How Honest Should You Be in Your Relationship?

For some, staying together means keeping secrets

Photo by taylor hernandez on Unsplash

Is it ever healthy to lie to the person you’re dating? How about the one you love, the one you’ve decided to marry or commit to for the long haul?

Is complete honesty necessary to maintaining a happy relationship? Or, are there certain things — certain desires, criticisms, or maybe even mistakes — you should keep to yourself?

In my experience, I’ve found that there’s sort of a sliding honesty scale. Sometimes, brutal honesty is needed to improve an issue in your relationship.

Say you’re hitting the five-year mark with your partner, and you’re beginning to feel like the sex isn’t satisfying. Maybe your partner has gotten lazy in bed or even selfish, and every time you have sex, it’s just not enjoyable.

After so much of this, it’s going to become a problem if you don’t speak up and be honest about how bad the sex has gotten. It’s always difficult to hurt your partner’s feelings, but if they’re never concerned about your pleasure in bed, it needs to be brought to their attention.

Whether it’s sex or some other component of the relationship (jealousy, finances, in-laws, etc.), when a problem comes up, it can’t be solved unless someone brings attention to it. Then you can agree to actively work together on resolving the issue.

Healthy lies?

On the other hand, there are times when a little too much honesty can do more harm than good. I believe there’s such a thing as a “healthy” lie, but the catch here is, the motivation has to be right.

Are you sparing your partner’s feelings after a particularly stressful day to protect their sanity? Or are you lying or withholding information for your own personal agenda?

The subject matter of the lie also determines whether it’s harmless or harmful.

For example, what if your boyfriend comes home from a big, important work meeting, one that his promotion depends on, and he asks you, “Does this zit look bad?”

It does. It looks really bad. Super noticeable. And he’s stressing over the fact that it probably grossed his boss out.

But the meeting has already happened — and you have faith that his boss won’t let a gross-looking zit affect a professional decision. So, to spare him the agony of adding unnecessary stress to his plate, you say, “No, not at all.”

This kind of healthy lie, by its nature, only happens rarely, and with small matters that don’t impact your relationship.

But too many lies, even the seemingly harmless ones, will eventually hurt things. The trust will be gone, and the foundation of the bond you share with your partner will be badly cracked or crumble completely.
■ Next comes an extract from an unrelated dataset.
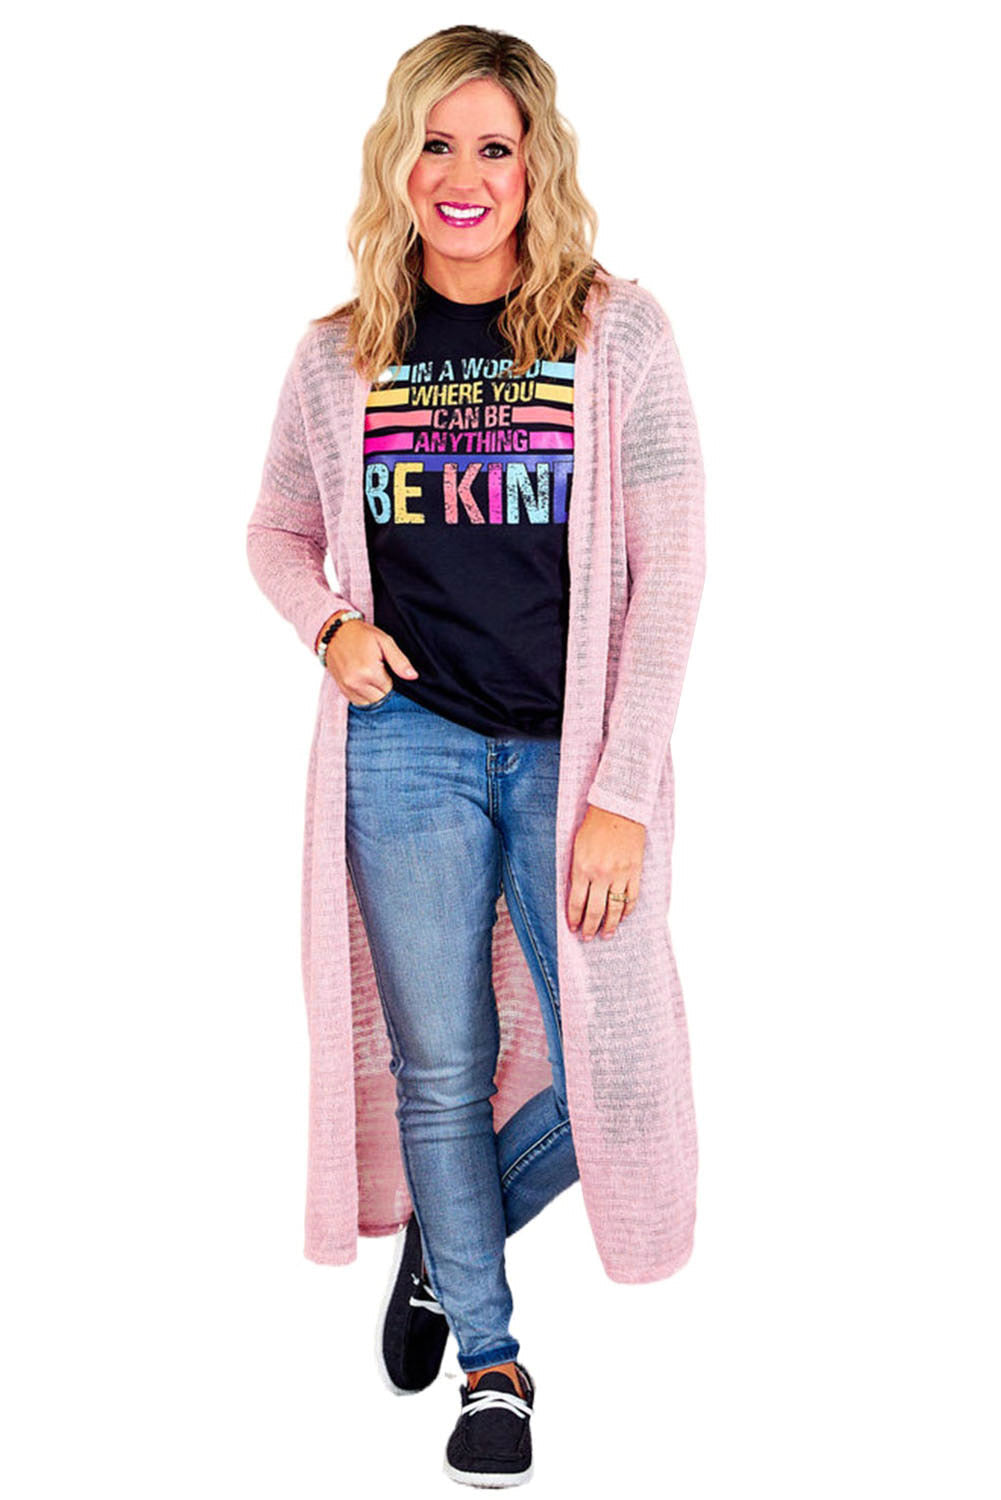 Pink Sheer Knitted Long Side Slit Plus Size Cardigan

For your relationship to thrive, being mostly honest is the best policy.

Is it ever okay to hide an affair?

I once had a good friend — a woman I used to work with at Target. This was back when I was in college, doing the night shift part-time over the summer. It was strange to see Target after closing, its aisles so bare and pristine. But unloading trucks and stocking shelves three nights a week was easy work. And the overnight shift came with a pay bonus.
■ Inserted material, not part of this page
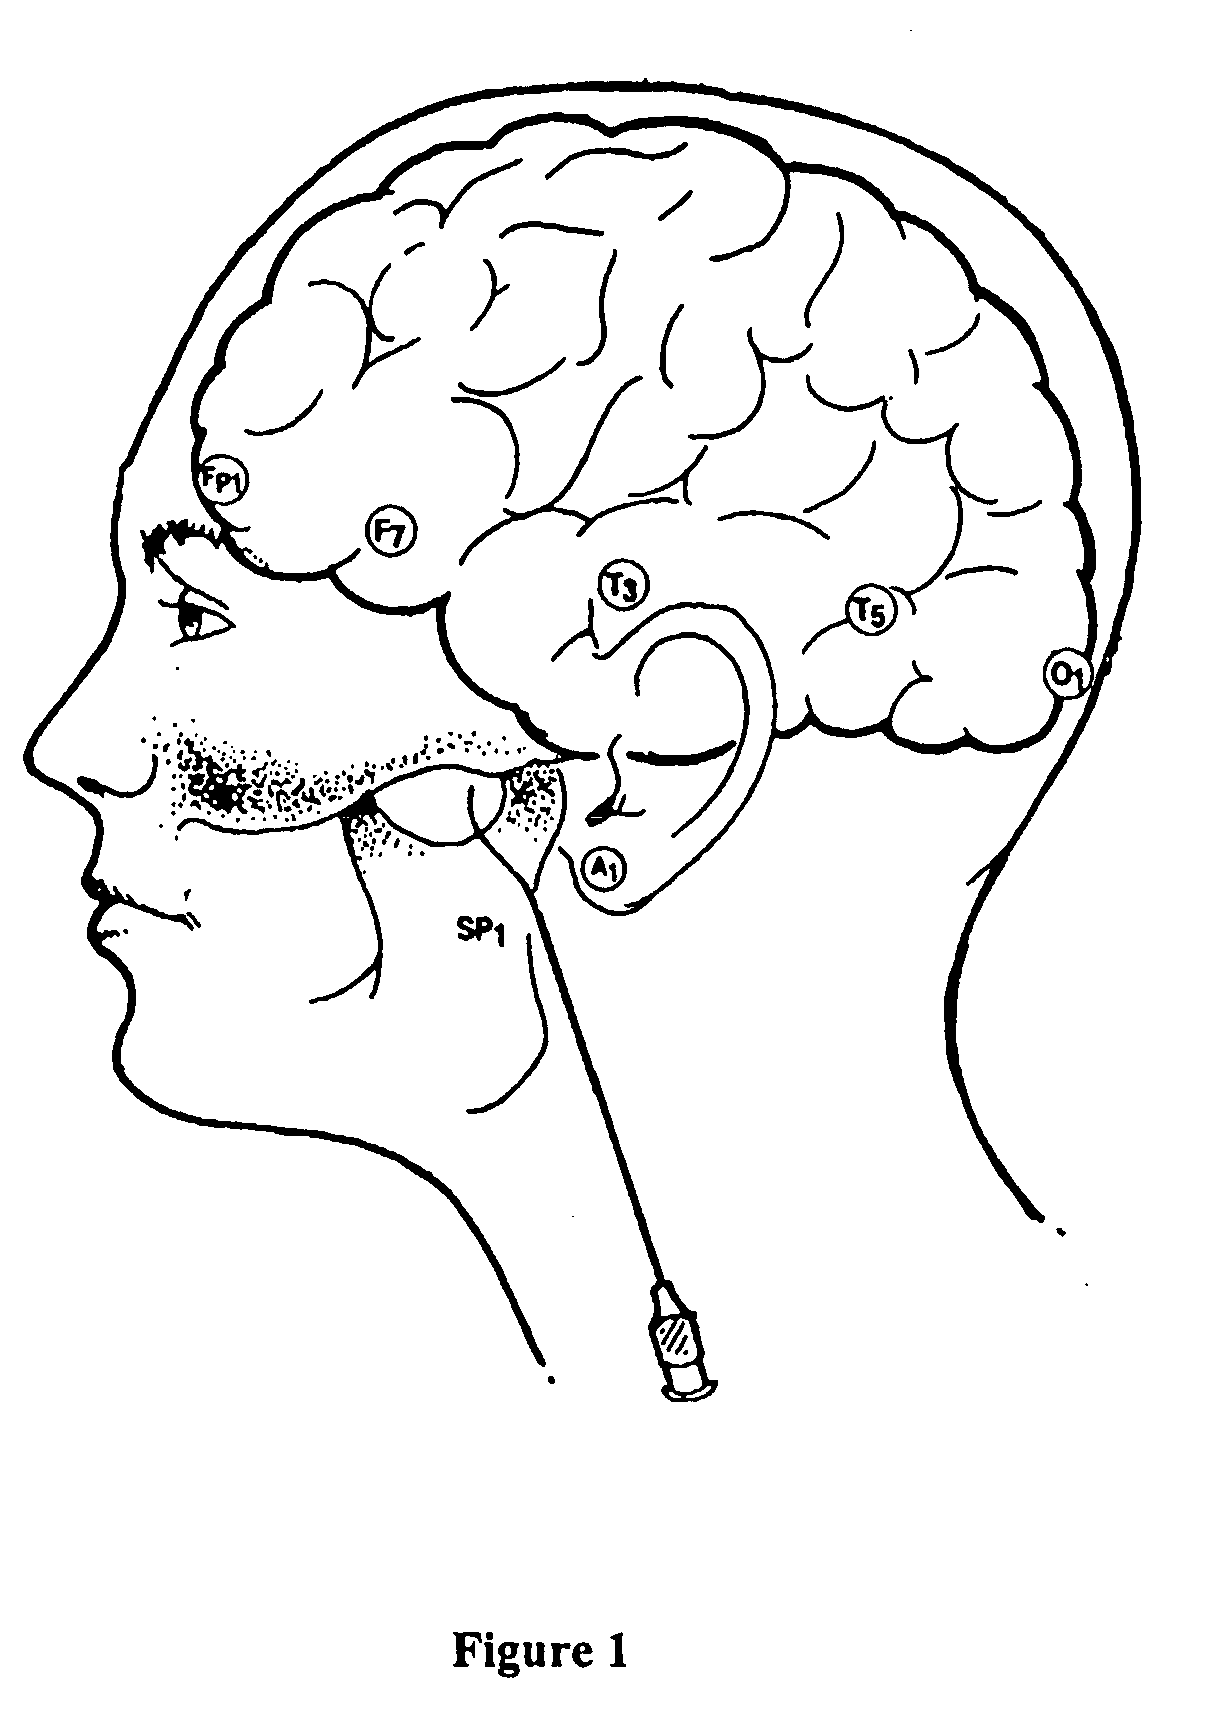 Noninvasive nonlinear systems and methods for predicting seizure

My co-worker friend was maybe five years older than me. As we grew closer and started hanging out outside of work, she confided in me that she was cheating on her husband of three years. With one of our co-workers, whom we both flirted with constantly.

I didn’t know her husband very well, but I cared for my friend greatly and hated seeing her miserable in her relationship. Both she and the husband had cheated on each other before. They fought often. She complained about how he treated her, but she somehow couldn’t bring herself to leave him.

“I love him,” she said. “We have issues, but I’d never leave him. And I don’t feel guilty for cheating. He’s put me through far worse.”

I asked her about telling him the truth and admitting to the affair. Coming clean and going to couple’s counseling together. A clean slate. A fresh start. It might make them stronger, help resolve their issues.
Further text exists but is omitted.